After months of negotiations with Northwest Elementary School failed, the American Center for Law and Justice, an international public-interest law firm, filed a lawsuit yesterday against the Leominster Public School District in Massachusetts. ACLJ contends Northwest told the Greskas their daughter could not share her Christmas book in class because it contained the story of Jesus Christ’s birth, thus making it religious.
“This is a troubling example of a school district that is clearly exhibiting hostility toward religion and targeting its discrimination against a very young and impressionable elementary-school child,” Vincent McCarthy, the Greskas’ attorney and senior counsel of ACLJ, said in a statement. “The actions of the school district are not only unconstitutional, but send a disturbing message to all elementary school students – that religious beliefs must be treated the same way the school handles profanity or offensive behavior – not permitted at school.”
Last December, Laura brought a book entitled “The First Christmas” to school in response to a class assignment. The second graders were told to bring a book to class that represented their Christmas traditions.
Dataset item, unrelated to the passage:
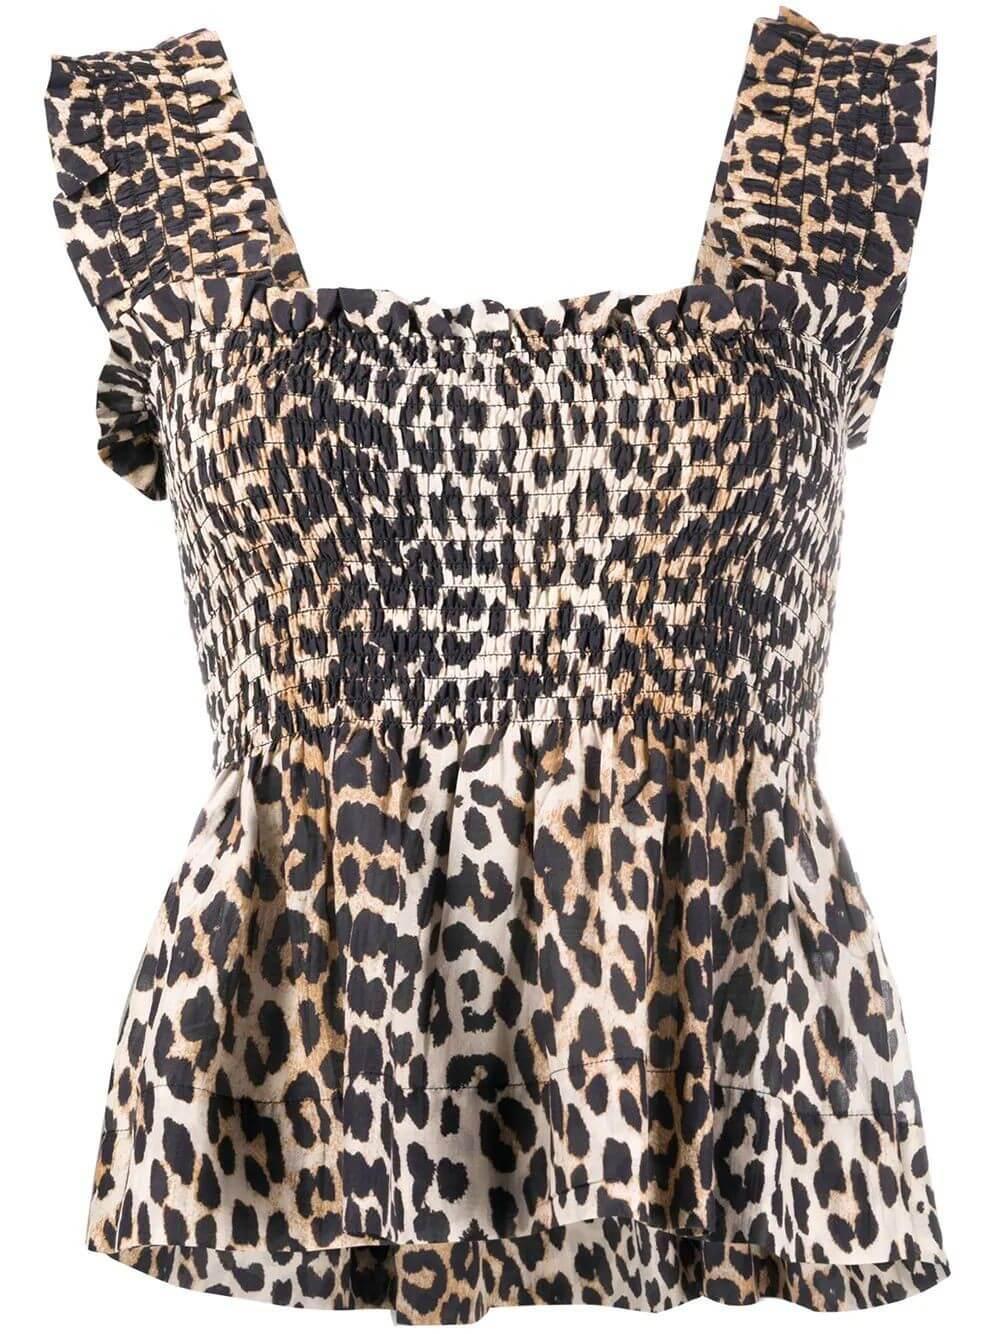 Leopard Peplum Ruched Sleeveless Top

According to McCarthy, Laura was the only student to bring in a religious-based book and was told she could not share her book with the class.
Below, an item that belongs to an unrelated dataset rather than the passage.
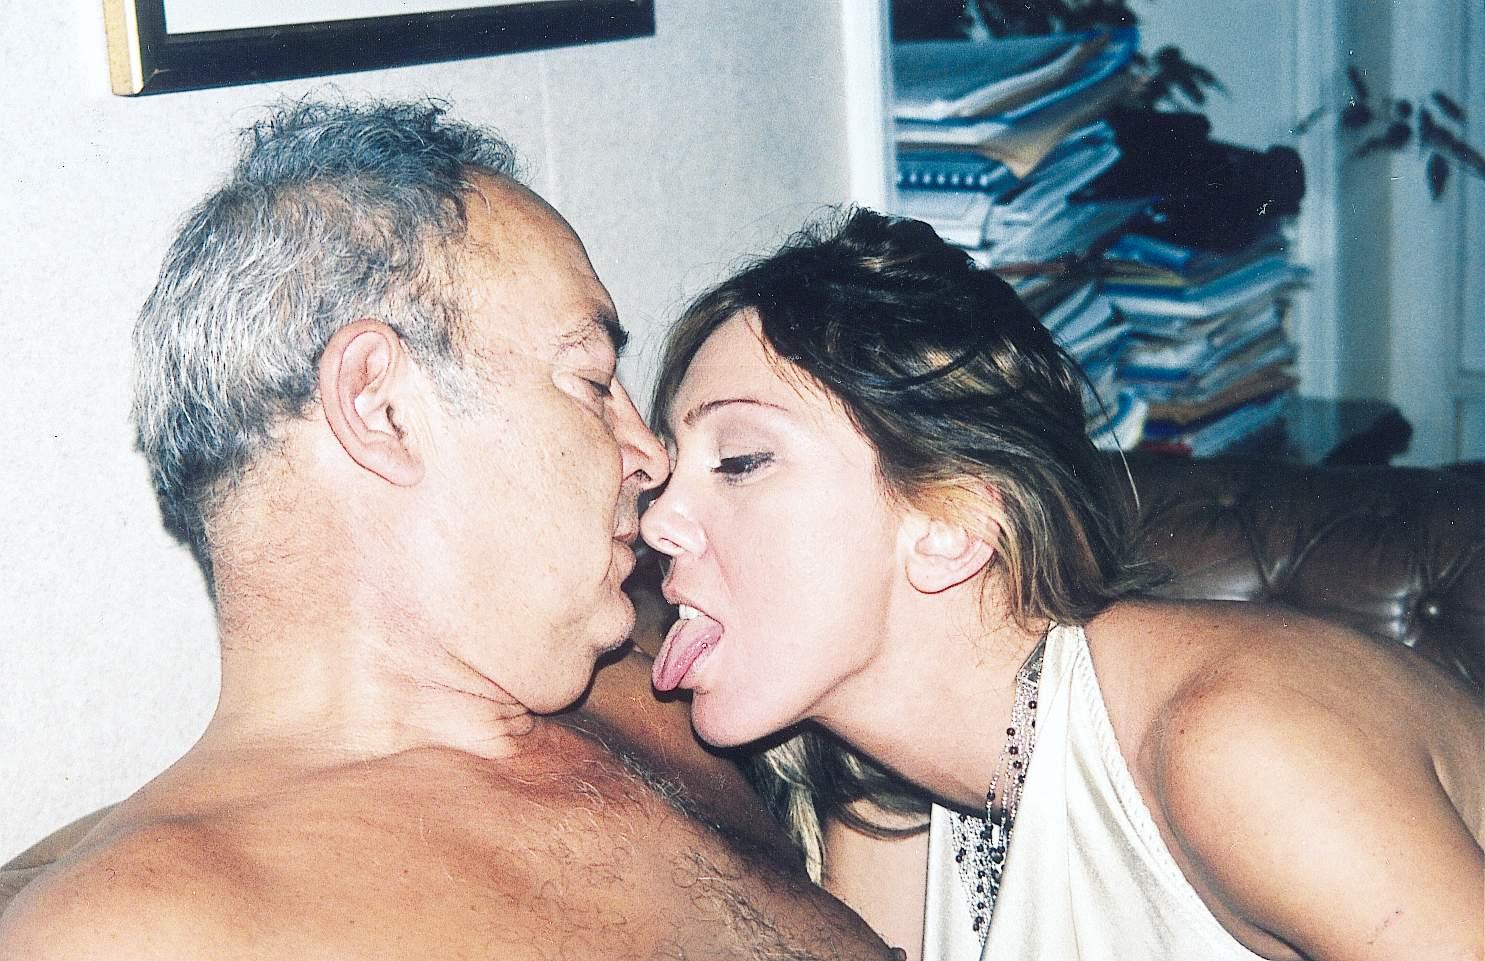 Sibel kekilli doktorda muayne oldu  Sürpriz Porno Hd Türk

“We want the school to comply with Laura’s constitutional rights under the First Amendment and stop their religious discrimination in the classroom,” said McCarthy, adding that it “didn’t make sense” that other students were allowed to express their beliefs when it came to Christmas holiday traditions and Laura wasn’t permitted just because hers were “Christian.”
During the several months of interim between when Laura first brought the book to school and when a lawsuit was filed in U.S. District Court, McCarthy says, ACLJ sent a demand letter to the school and also tried to reach an agreement through negotiations with school officials – both to no avail.
“The school has refused to recognize Laura’s rights,” he told WorldNetDaily.
When Robert and Jessie Greska conferred with the school superintendent, says McCarthy, she backed Laura’s teacher and remained firm that Laura had no right to express her Christian faith in class. Ninety-five percent of ACLJ’s cases similar to the Greskas’ case are settled after a demand letter is sent, he says.
“This case is really the exception to the rule,” said McCarthy, who believes the case will still be settled out-of-court sometime in the future.
The attorney representing the school, Regina Tate, was out of town and could not be reached. Northwest school officials and the Greskas also were unavailable for comment by press time.
ACLJ wants the court to address the “discriminatory” treatment it believes Laura has received from her elementary school and asks the court to declare the school district’s action as unconstitutional and invalid.
“We’re moving on this issue now to ensure that our client does not continue to be discriminated against when she returns to class this fall,” stated McCarthy.